The developed scheme entirely refigures Queen Street through its two major shopping blocks: stripping the mall of what Mainwaring calls its “space junk”. Current retail concessions (a newsagent and three open-air restaurants) are repositioned ‘off centre’ to guide an undulating route which incorporates two new performances stages; replacing the 1980s heritage-style stage and rotunda. The mall will be paved with granite, incorporating patterns by indigenious artists.
The most arresting aspect of the
redevelopment is its architectural language. The sky roof structures, which are generally shard-like in plan, rise up on steel sticks and finish in layers like tri-plane wings. The roofs are to be laid with Lexan and shade-making slatted timber gradually woven with subtropical plantings. The strategy to employ skeletal and layered structures is aimed at opening up previously blocked views to the mall facades. It will be interesting to see how these very animated elements sit within the eclectic context.
At South Bank, the Grand Arbour proposed in Denton Corker Marshall’s masterplan is now under construction. This sinuous steel pergola is made as an oscillating array of
impressively scaled arching columns with tendril-like tops. The arbour enclosure is variable along its length; forming spaces that are wide and opened out or tight and vertical. According to DCM, this variation will adapt the arbour to different user and contextual conditions at points along the promenade.
The living skin of the arbour is a magenta bougainvillea that will provide colour and enclosure as well as manage views out from the promenade route.
In formal terms, the organic geometries are a surprising break from the kinds of axial and angular arrangements that have come to characterise DCM—and yet the scheme conforms with the firm’s successful strategy of working a grand gesture. Overall, the arbour’s scale and its ‘Jurassic Park’ expressiveness promise unique sights.
On paper at least, both these projects are confident initiatives which mark out a new urban identity for Brisbane with remarkably playful architectural forms. It will be intriguing to see how these audacious public scale works are received.
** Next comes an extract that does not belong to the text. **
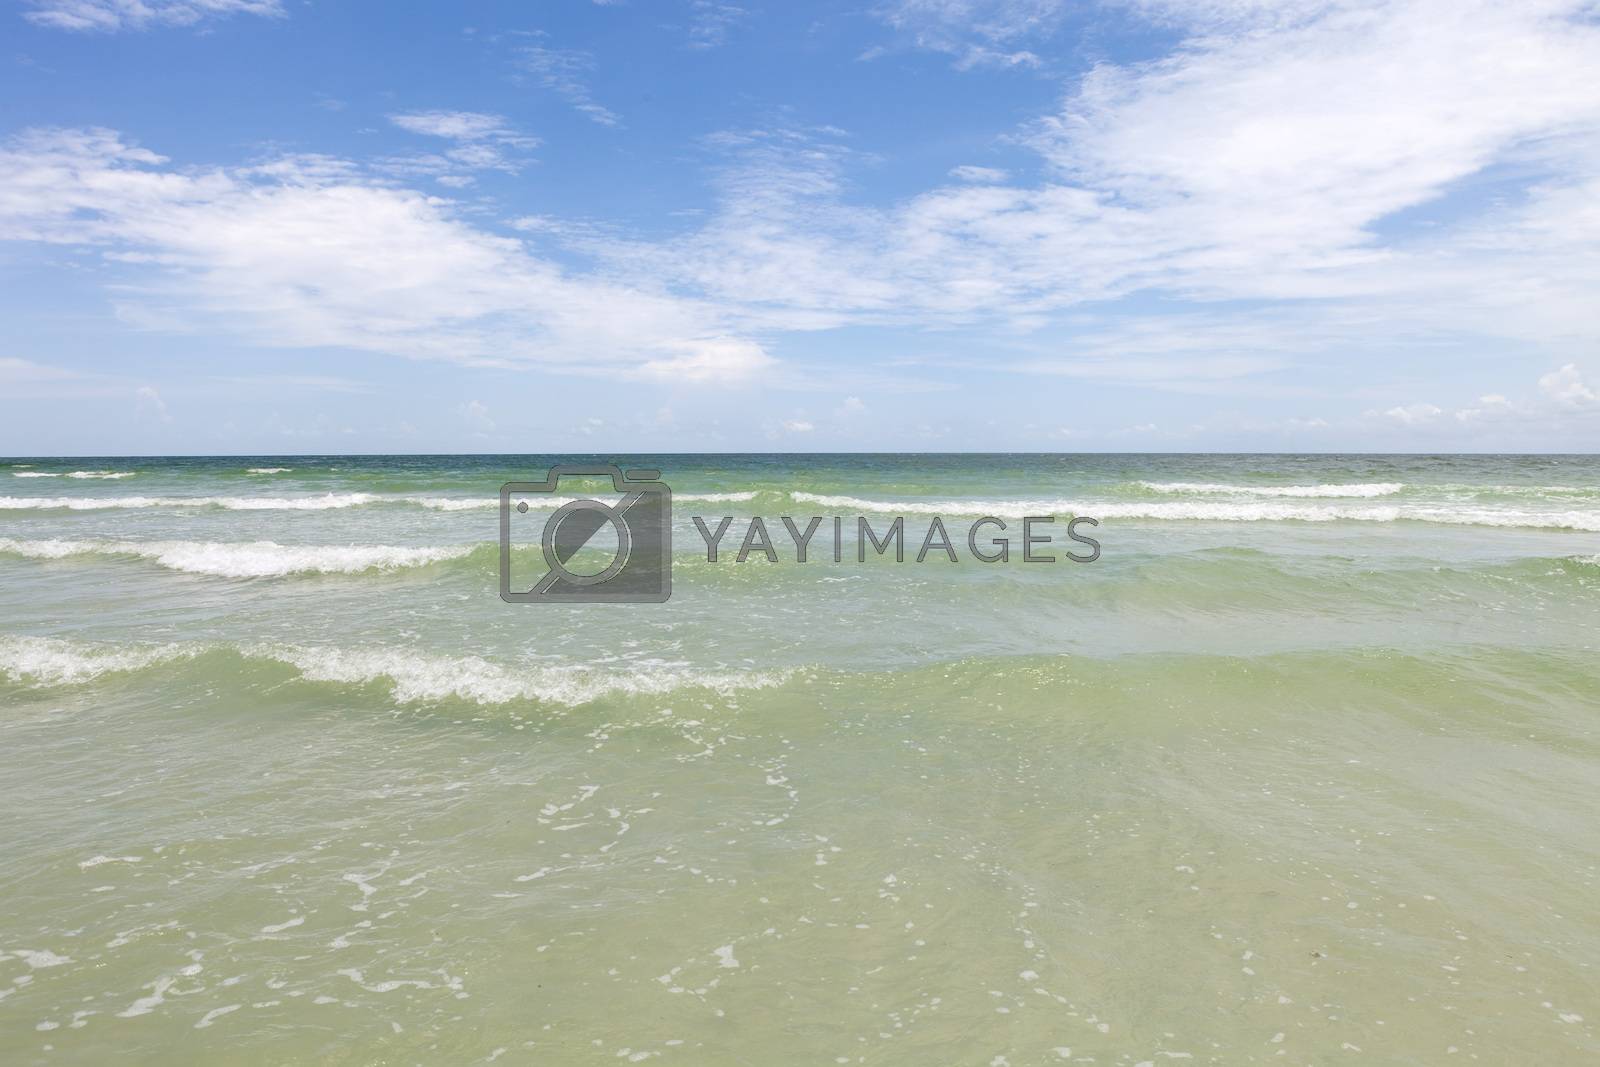 Royalty free image of Siesta Key Beach Sarasota Florida by graficallyminded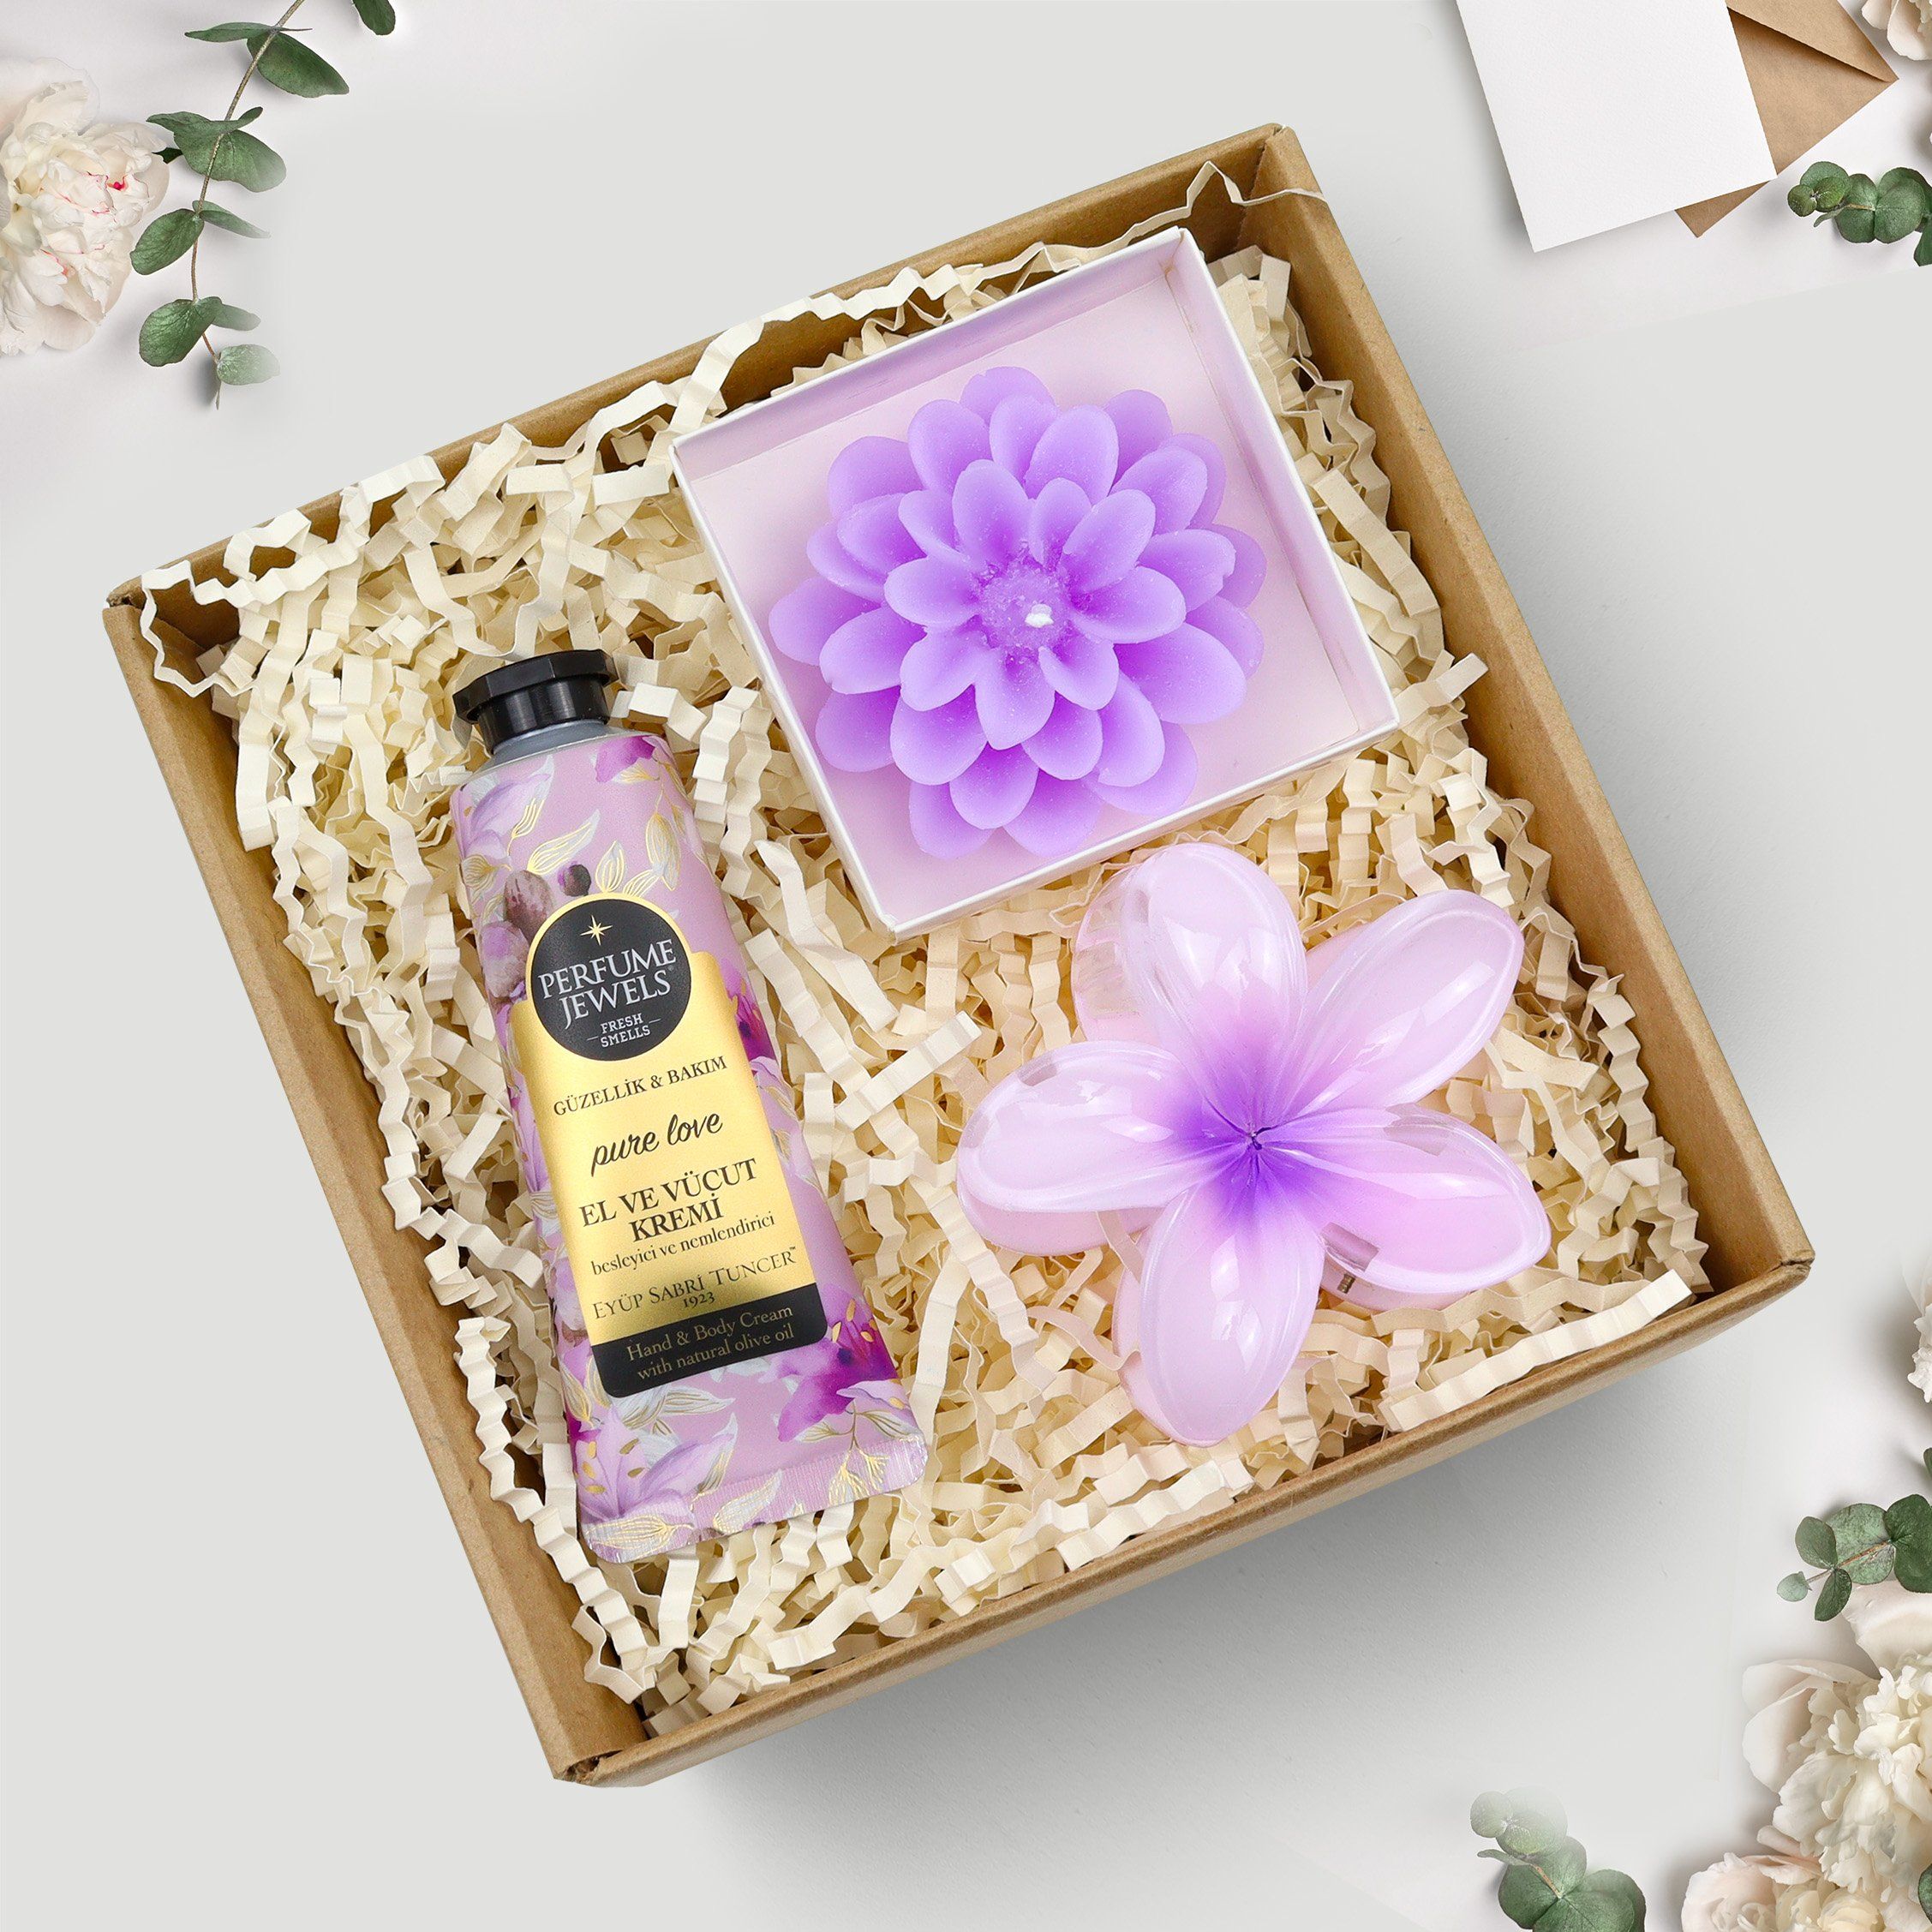 Lotus Toka & Lotus Çiçeği Mum & Eyüp Sabri Tuncer El Kremi Hediye Seti #1

Both are due for completion late this year.
Antony Moulis is a lecturer in architecture at the University of Queensland

Top of the page and left
Two Bligh Voller Nield models for sky roofs and kiosks being installed by the Brisbane City Council along Queen Street Mall.
Computer perspectives
Various views of the arbour, with foliage that DCM assures us is magenta bougainvillea.


Above Site plan of South Bank, showing the path of Denton Corker Marshall’s Grand Arbour past existing cultural facilities.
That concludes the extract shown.